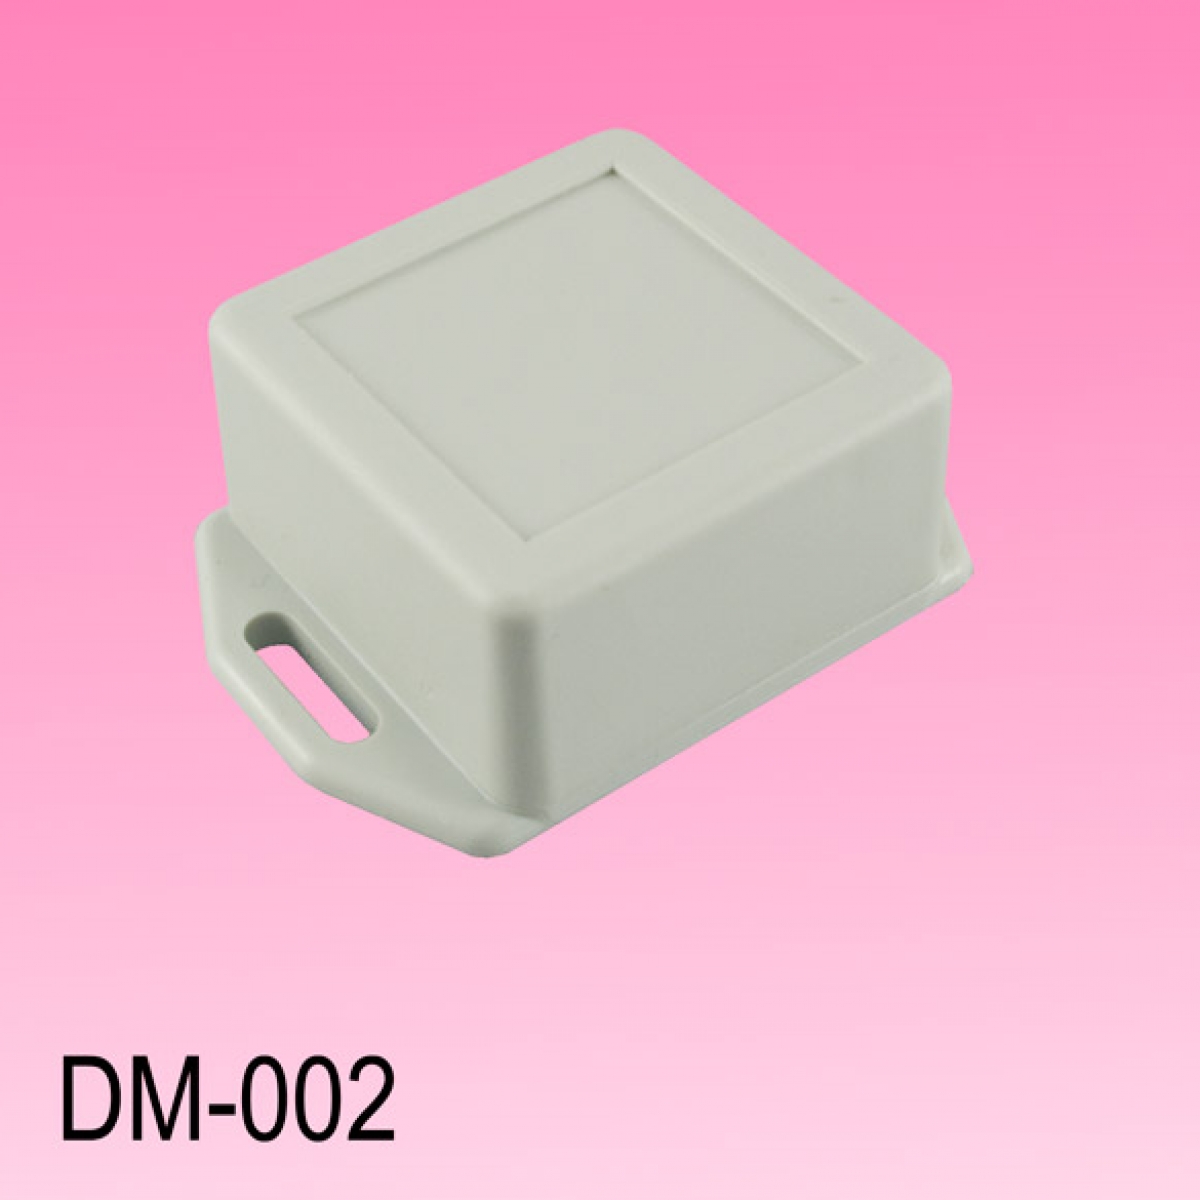 DM-002
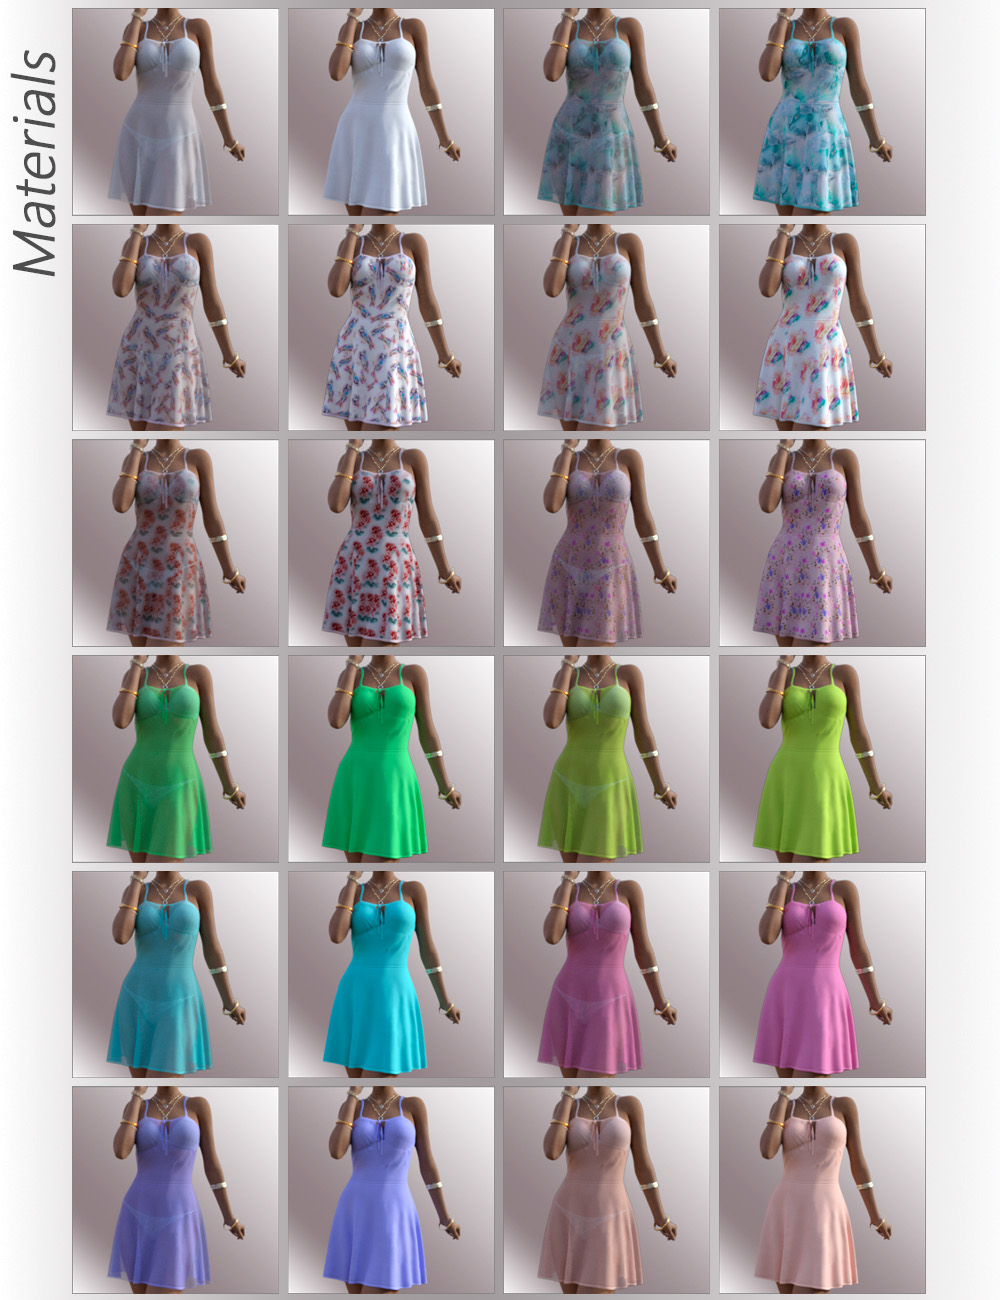 dForce Alika Candy Dress Outfit for Genesis 8 Female(s) by: OnnelArryn, 3D Models by Daz 3D
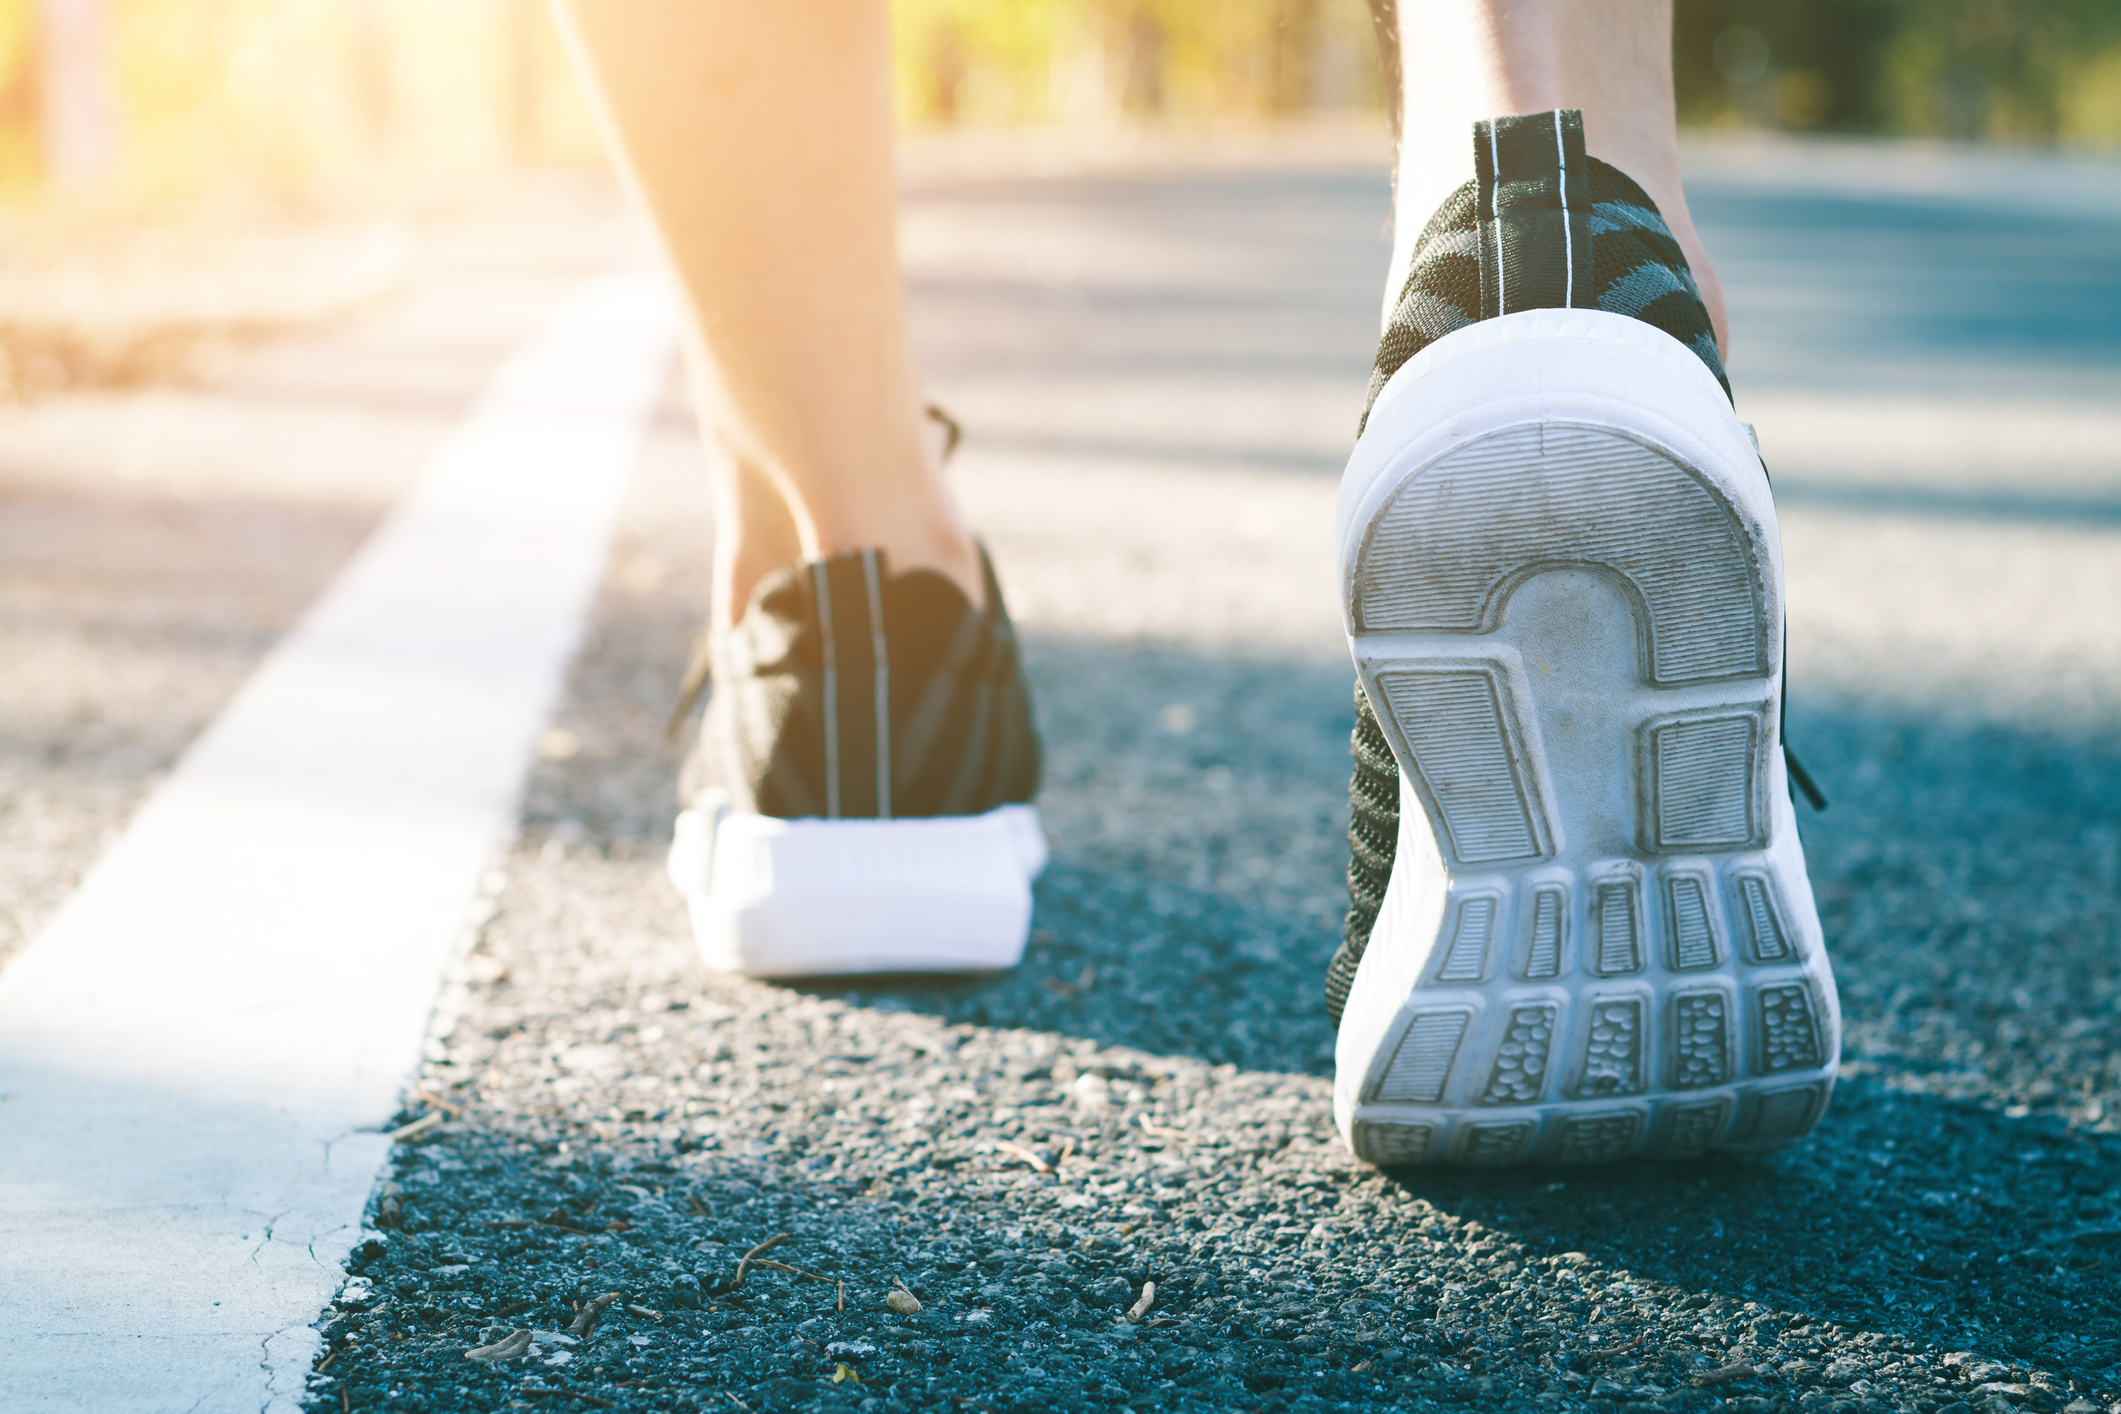 NEC、「歩行センシング・ウェルネスソリューション」を10月より法人へ展開─日常歩行データの質を測り健康サポート

Task to complete. From the line containing "dForce Alika Candy" through the last line of the data above, write out every line word for word, and nothing else. Do not include the pictures.

Expected output.
 dForce Alika Candy Dress Outfit for Genesis 8 Female(s) by: OnnelArryn, 3D Models by Daz 3D
 NEC、「歩行センシング・ウェルネスソリューション」を10月より法人へ展開─日常歩行データの質を測り健康サポート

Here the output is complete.